# 1935 Schwinn Motorbike Rat



## tailhole (May 19, 2017)

Last year, I gave a buddy some prewar bicycle odds & ends.  He returned a few weeks later with this beat up, but interesting green motorbike frame (no fork, not hardware). I hung it in the garage and other than admiring it from time to time, didn't think about it much.
Last Saturday he stopped by with the fork.  He came across it and thought I might want to have it.
Last Wednesday, I put the fork on it, just to see how it looked.
A few hours later I was riding it all over the yard.  I love this thing and plan on riding it on the Blu'z Cruz (Denver antique bicycle ride which takes place every 3rd Sunday of the month, year round in rain snow or sun).
What do you think?


----------



## bikeyard (May 19, 2017)

I think the cab over is cool


----------



## tailhole (May 19, 2017)

bikeyard said:


> I think the cab over is cool



Thanks, me too.  I only recently got it and just started messing with it.


----------



## mike j (May 20, 2017)

Cool ride, those tiller bars go great on it, always liked the wrenches too.


----------



## jimbo53 (May 20, 2017)

I've got a 35 LaSalle badged Schwinn that I ratted. Added 30's Rollfast Gothic peaked fenders, a rear carrier from the 20's, teacup light and Seiss battery tube and had Bob U recover the seat. This is my favorite bike and rides amazing!


----------



## bricycle (May 20, 2017)

Kool, like the '41 too.


----------



## Iverider (May 20, 2017)

I love the look of ballooners with knobbies. It would look even cooler with some rain gutter fenders in my opinion. That frame has a post apocalyptic look to it. Nice build!


----------



## tailhole (May 25, 2017)

bricycle said:


> Kool, like the '41 too.



The other truck?  It's a '46 1.5 ton, thanks!


----------



## tailhole (May 25, 2017)

Well, I rode it on the Cruz and it did pretty good.  Lots of sweet bikes turned out.


----------



## stoney (May 25, 2017)

tailhole said:


> Last year, I gave a buddy some prewar bicycle odds & ends.  He returned a few weeks later with this beat up, but interesting green motorbike frame (no fork, not hardware).
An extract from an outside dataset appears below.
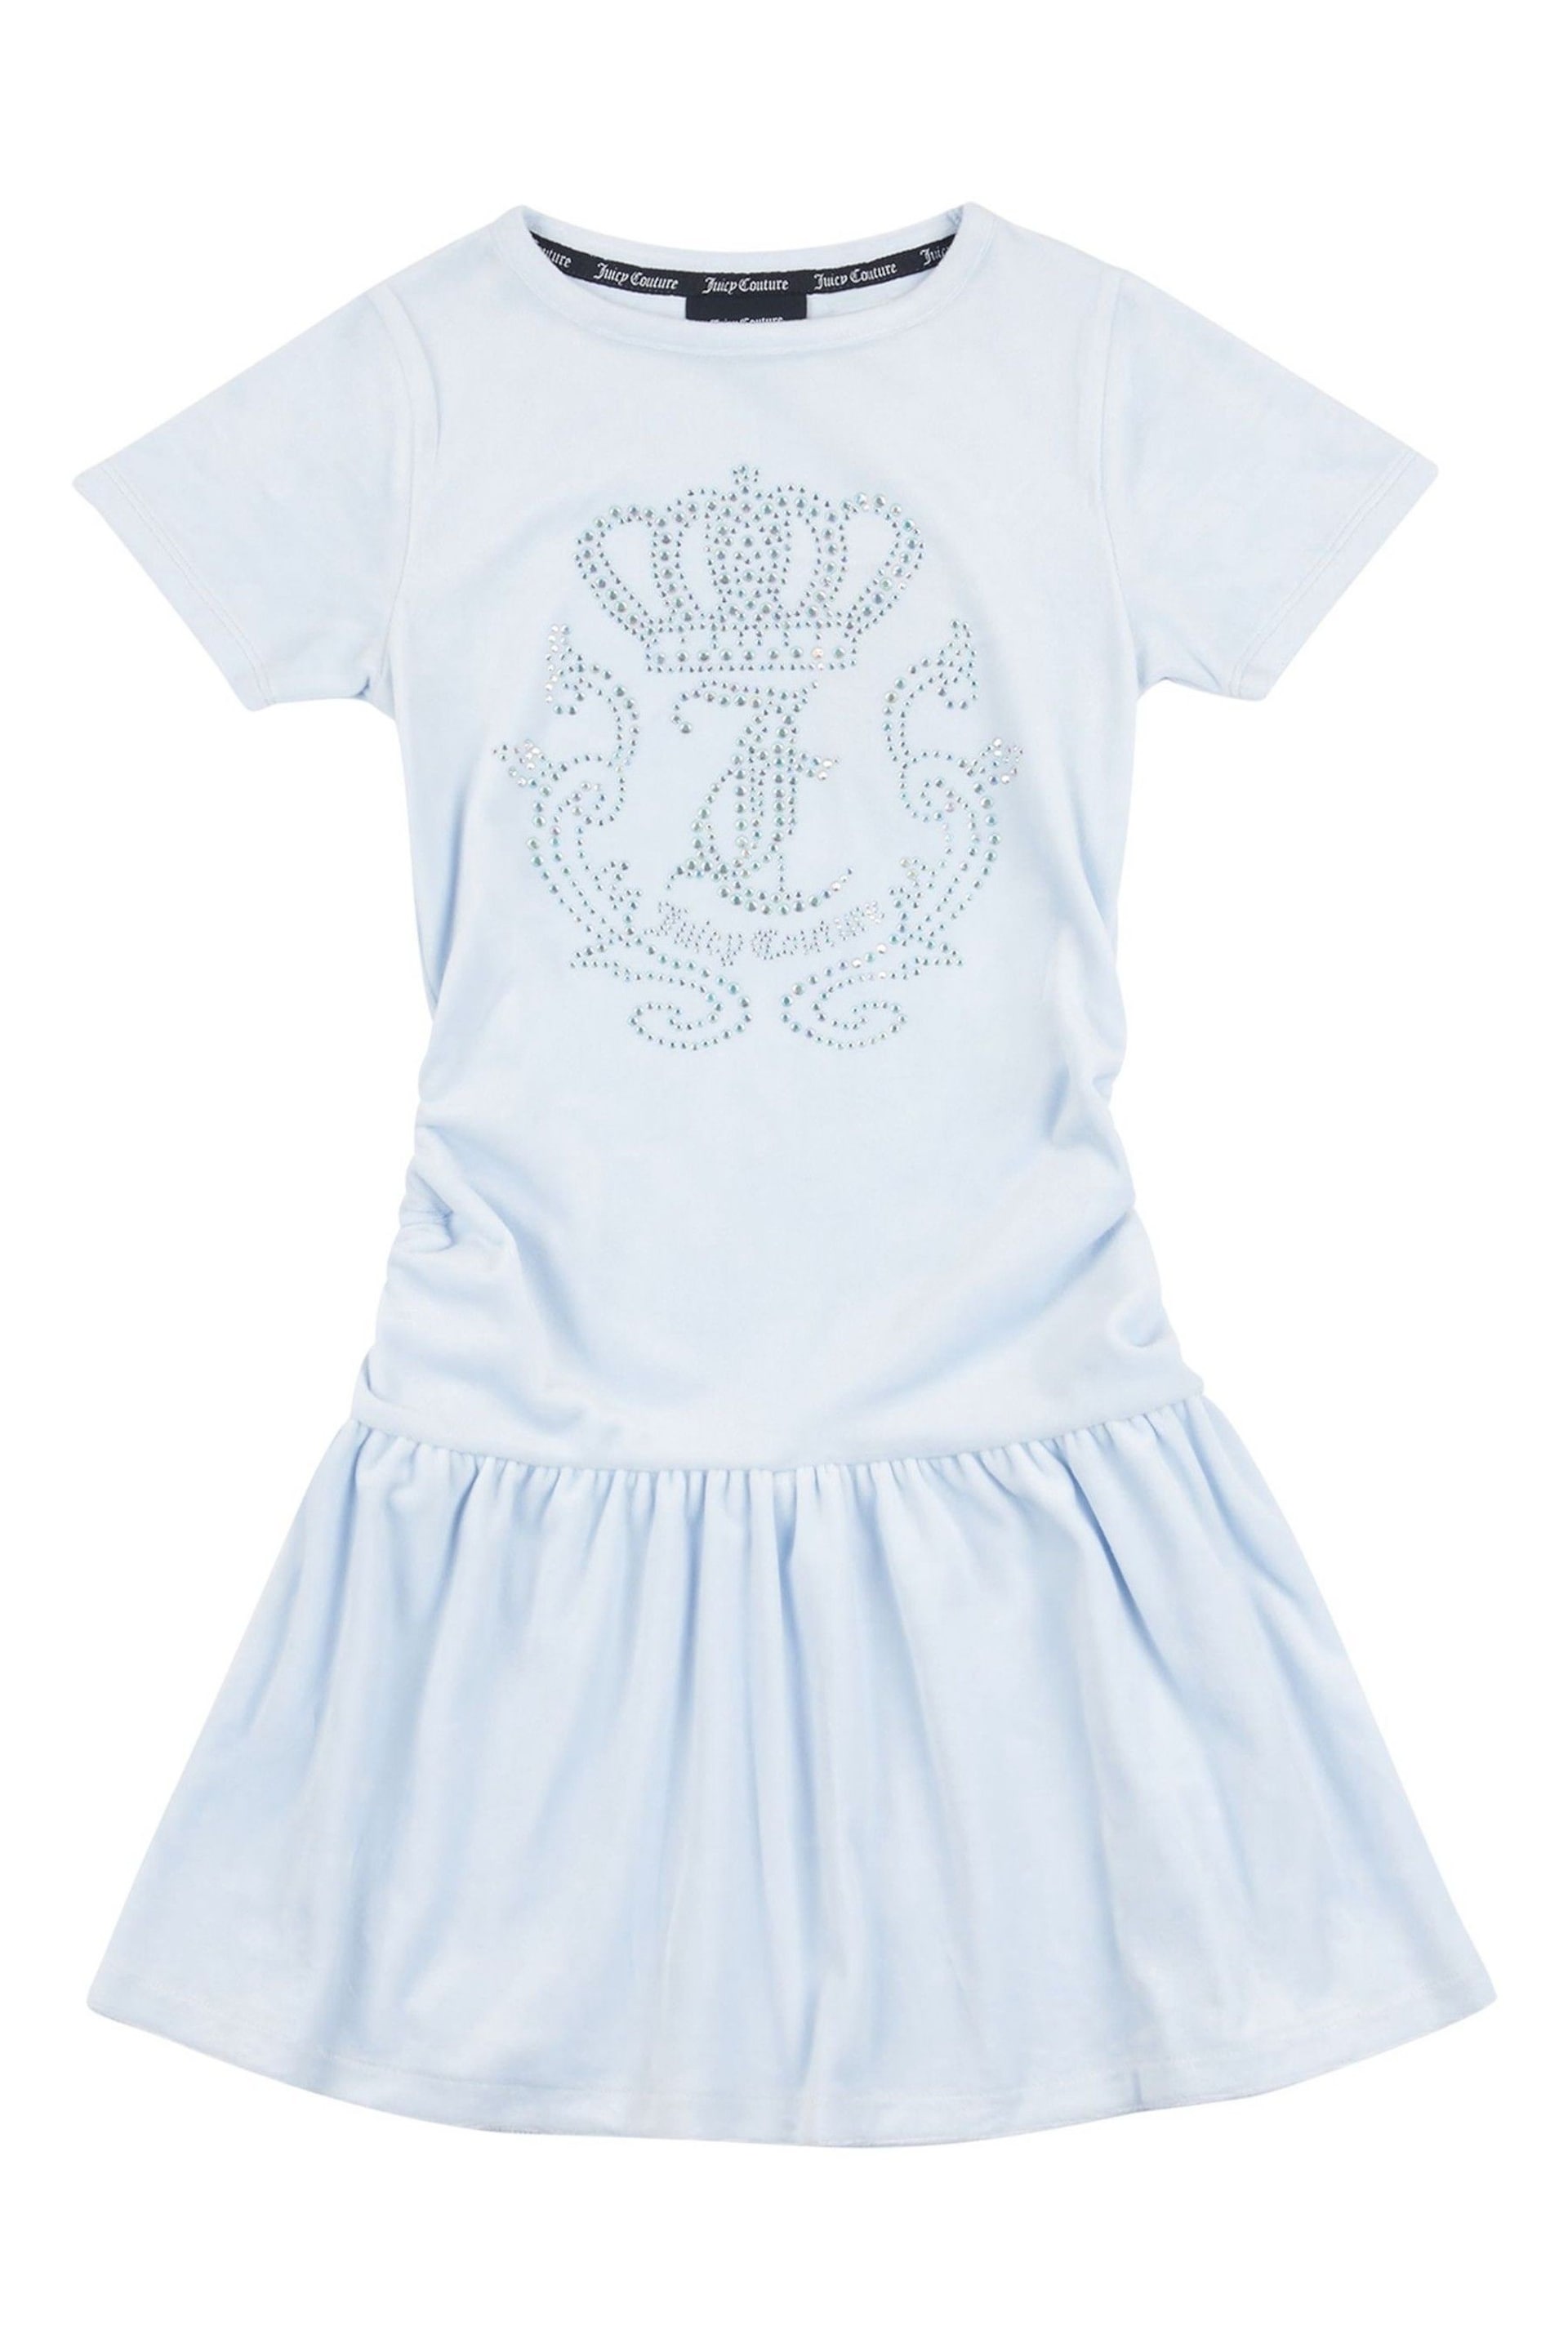 Juicy Couture Girls Blue Diamante Crown Dress - Image 5 of 7

I hung it in the garage and other than admiring it from time to time, didn't think about it much.
> Last Saturday he stopped by with the fork.  He came across it and thought I might want to have it.
> Last Wednesday, I put the fork on it, just to see how it looked.
> A few hours later I was riding it all over the yard.  I love this thing and plan on riding it on the Blu'z Cruz (Denver antique bicycle ride which takes place every 3rd Sunday of the month, year round in rain snow or sun).
> ...




Great photo. It actually looks period.


----------



## mfhemi1969 (May 25, 2017)

jimbo53 said:


> I've got a 35 LaSalle badged Schwinn that I ratted. Added 30's Rollfast Gothic peaked fenders, a rear carrier from the 20's, teacup light and Seiss battery tube and had Bob U recover the seat. This is my favorite bike and rides amazing!
> 
> View attachment 469224



Lookin good, Thats a great rider! Congrats.


----------